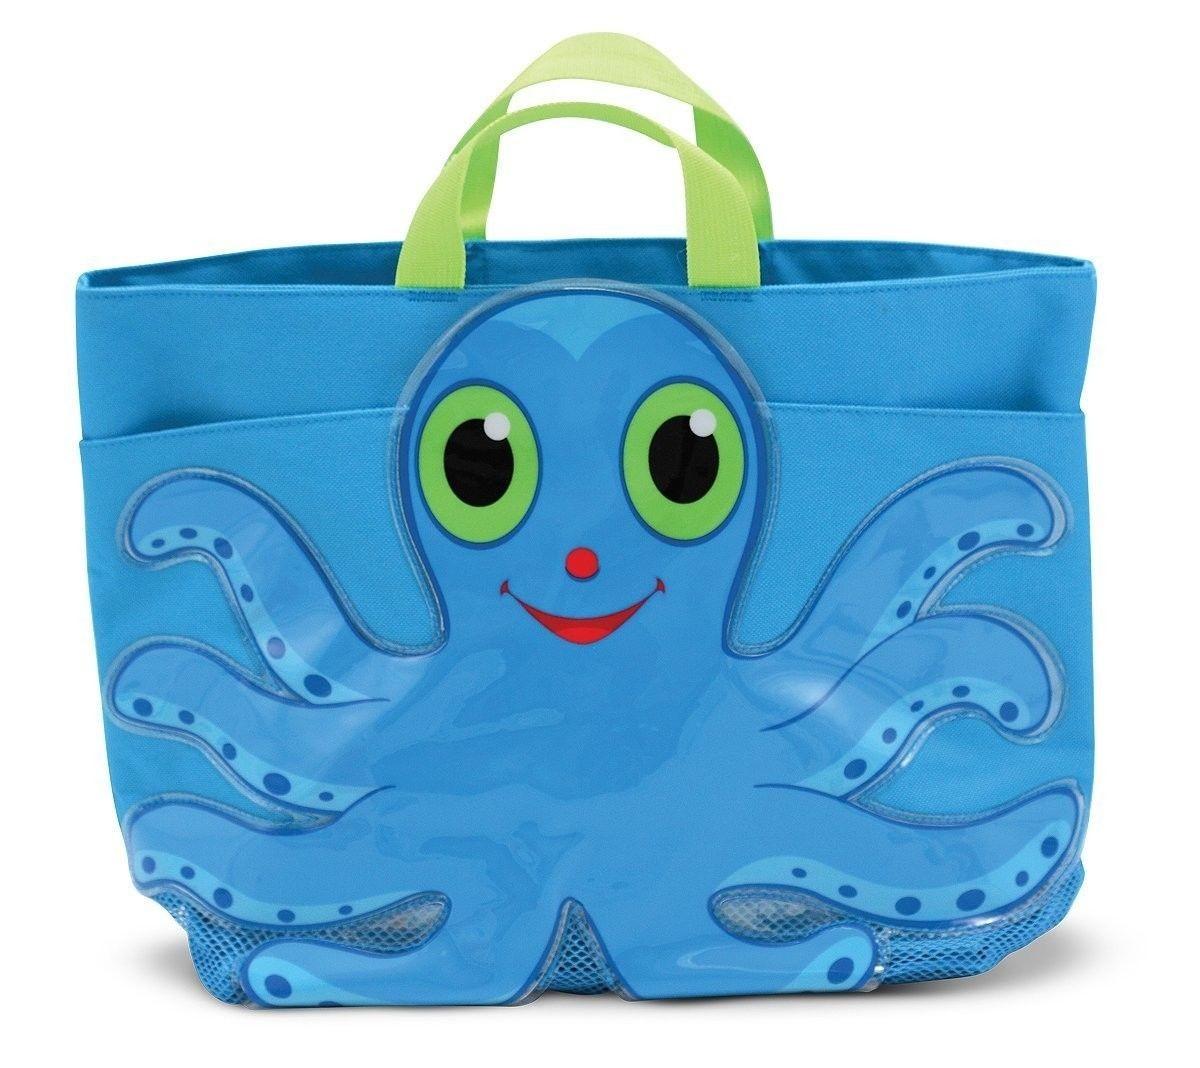 Melissa and doug flex Octopus Tote Beach Bag
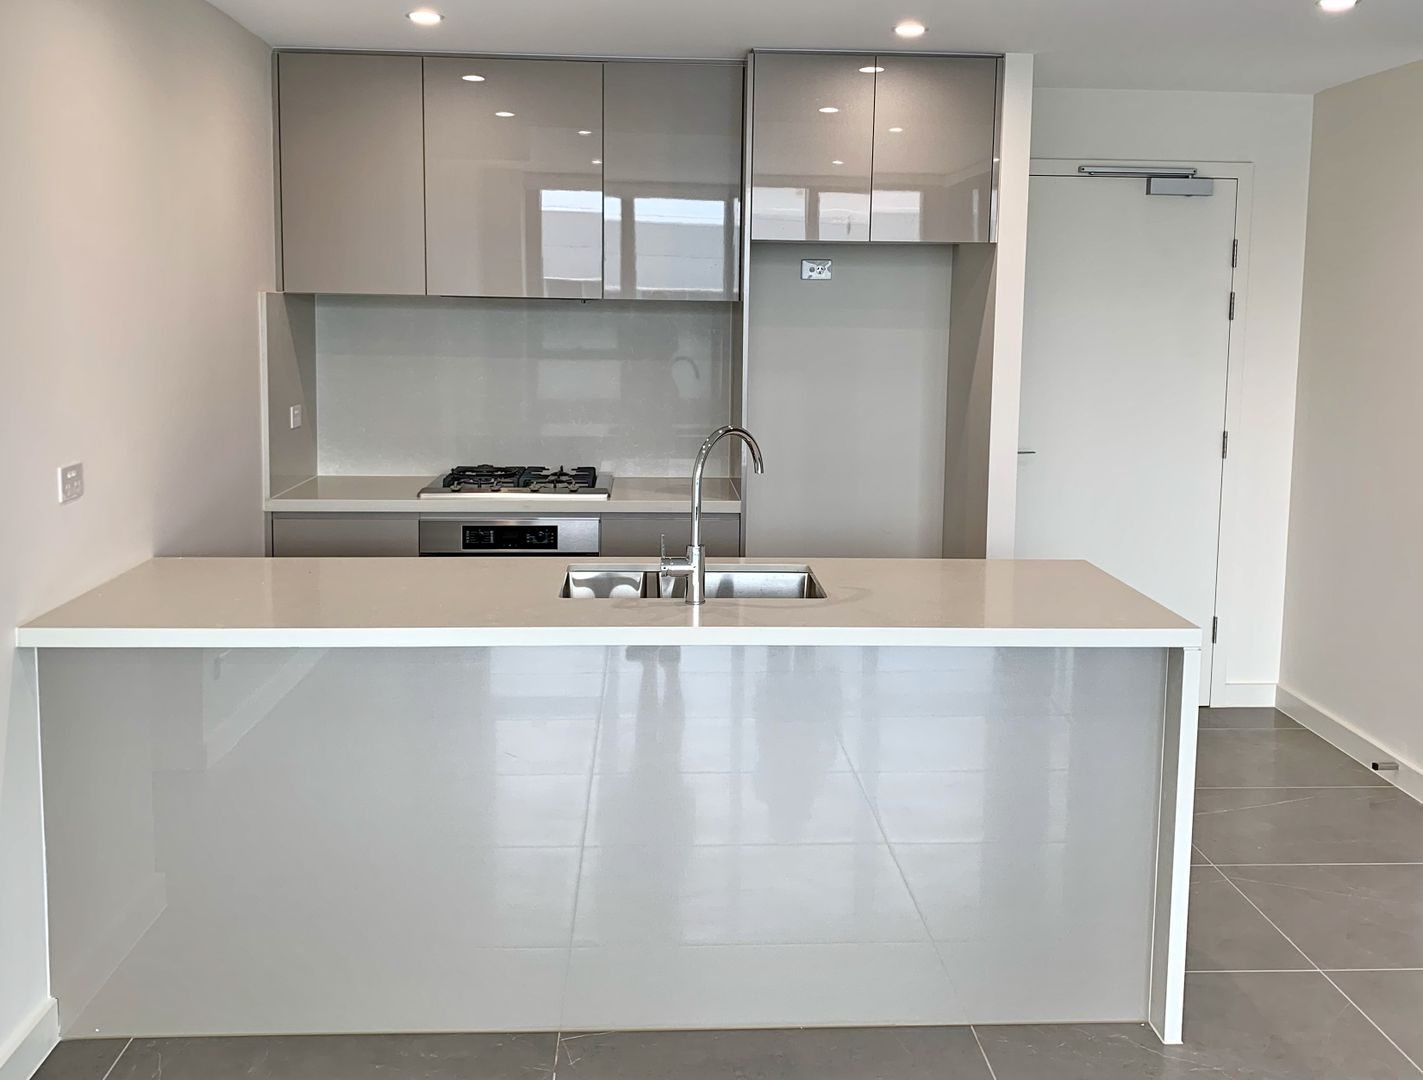 706/101 Waterloo Rd, Macquarie Park NSW 2113, Image 0
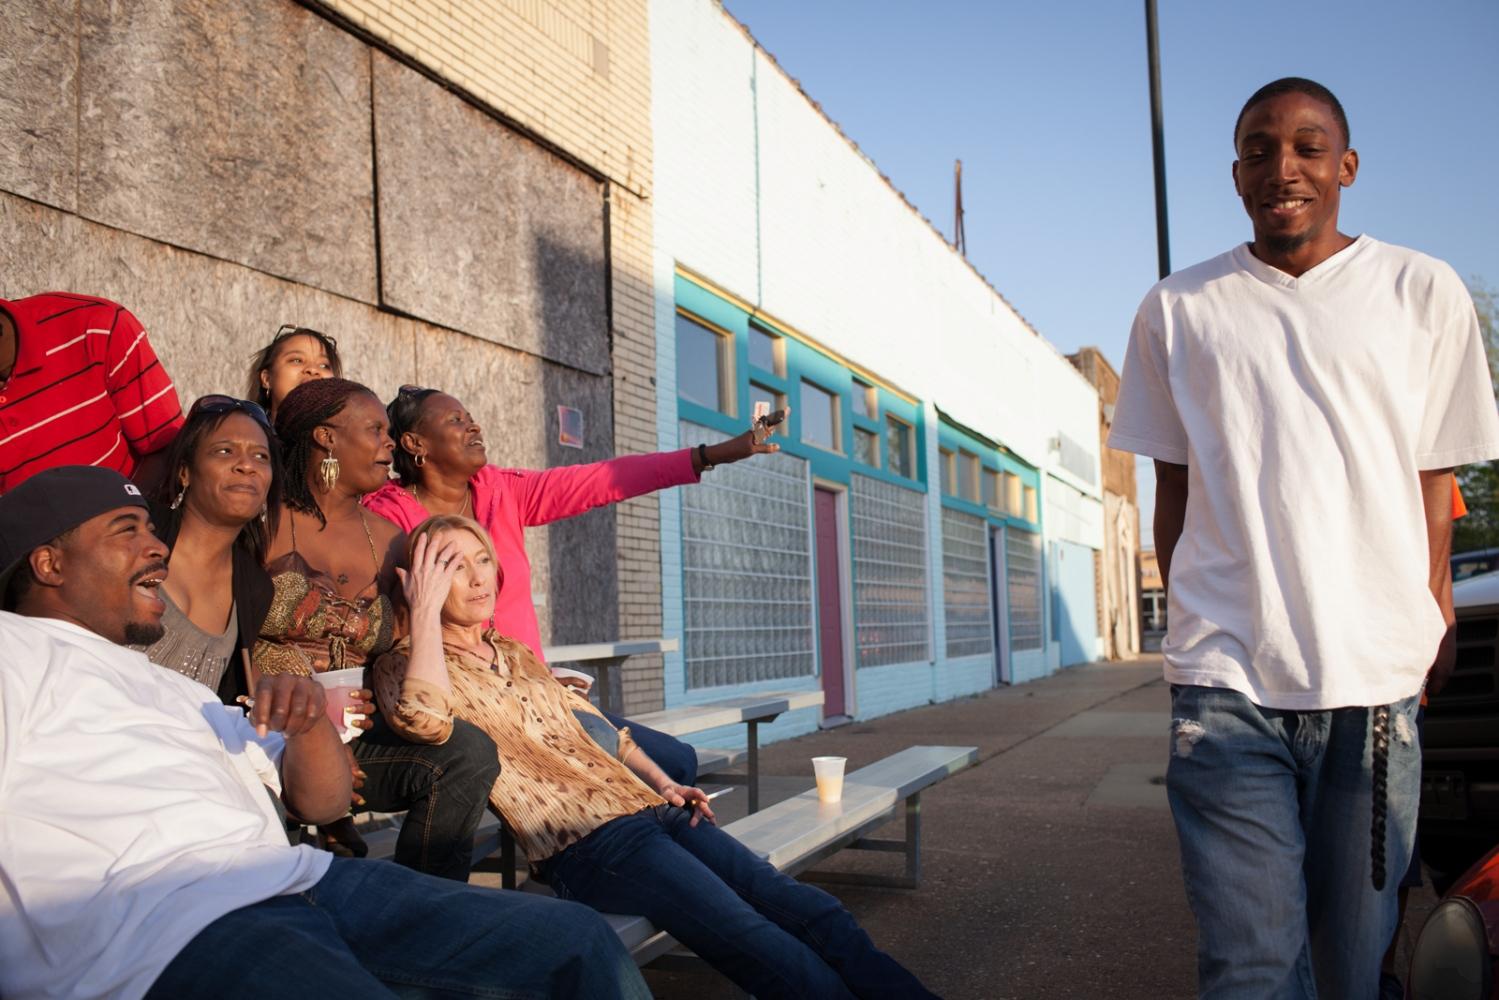 Art and Documentary Photography - Loading Juke_LindsayMorris_2011-1110.jpg

---*---

| EXERCISE PROMPT |
Line by line, return the listing above exactly, leaving out its pictures.

| RESPONSE AREA |
 Melissa and doug flex Octopus Tote Beach Bag
 706/101 Waterloo Rd, Macquarie Park NSW 2113, Image 0
 Art and Documentary Photography - Loading Juke_LindsayMorris_2011-1110.jpg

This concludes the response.